All of lore.kernel.org
 help / color / mirror / Atom feed
From: Roland Dreier <roland@topspin.com>
To: Zwane Mwaikambo <zwane@linuxpower.ca>
Cc: "Nguyen, Tom L" <tom.l.nguyen@intel.com>,
	long <tlnguyen@snoqualmie.dp.intel.com>,
	ak@muc.de, akpm@osdl.org, greg@kroah.com, jgarzik@pobox.com,
	linux-kernel@vger.kernel.org, eli@mellanox.co.il
Subject: Re: [PATCH]2.6.7 MSI-X Update
Date: Thu, 24 Jun 2004 00:27:52 -0700	[thread overview]
Message-ID: <52zn6tbekn.fsf@topspin.com> (raw)
In-Reply-To: <Pine.LNX.4.58.0406240216170.3273@montezuma.fsmlabs.com> (Zwane Mwaikambo's message of "Thu, 24 Jun 2004 02:37:29 -0400 (EDT)")

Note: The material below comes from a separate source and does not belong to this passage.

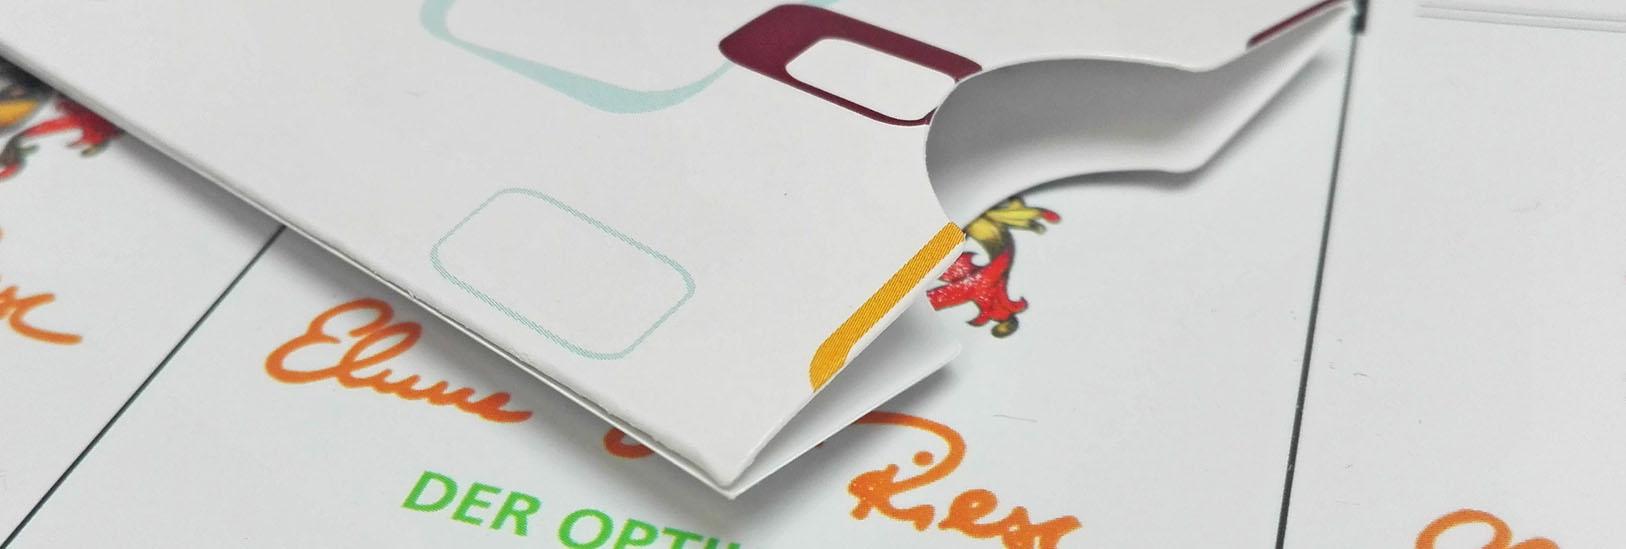 Digitaldruckerei in Rutesheim bei Leonberg im Raum Stuttgart Scheckkartenhüllen drucken lassen

Hi, I think you may not have read Long's patch/API carefully, since
you seem to be misunderstanding my objection.  In any case...

    Roland> I could imagine hardware where the driver does not know
    Roland> exactly how many vectors it will use until it starts up.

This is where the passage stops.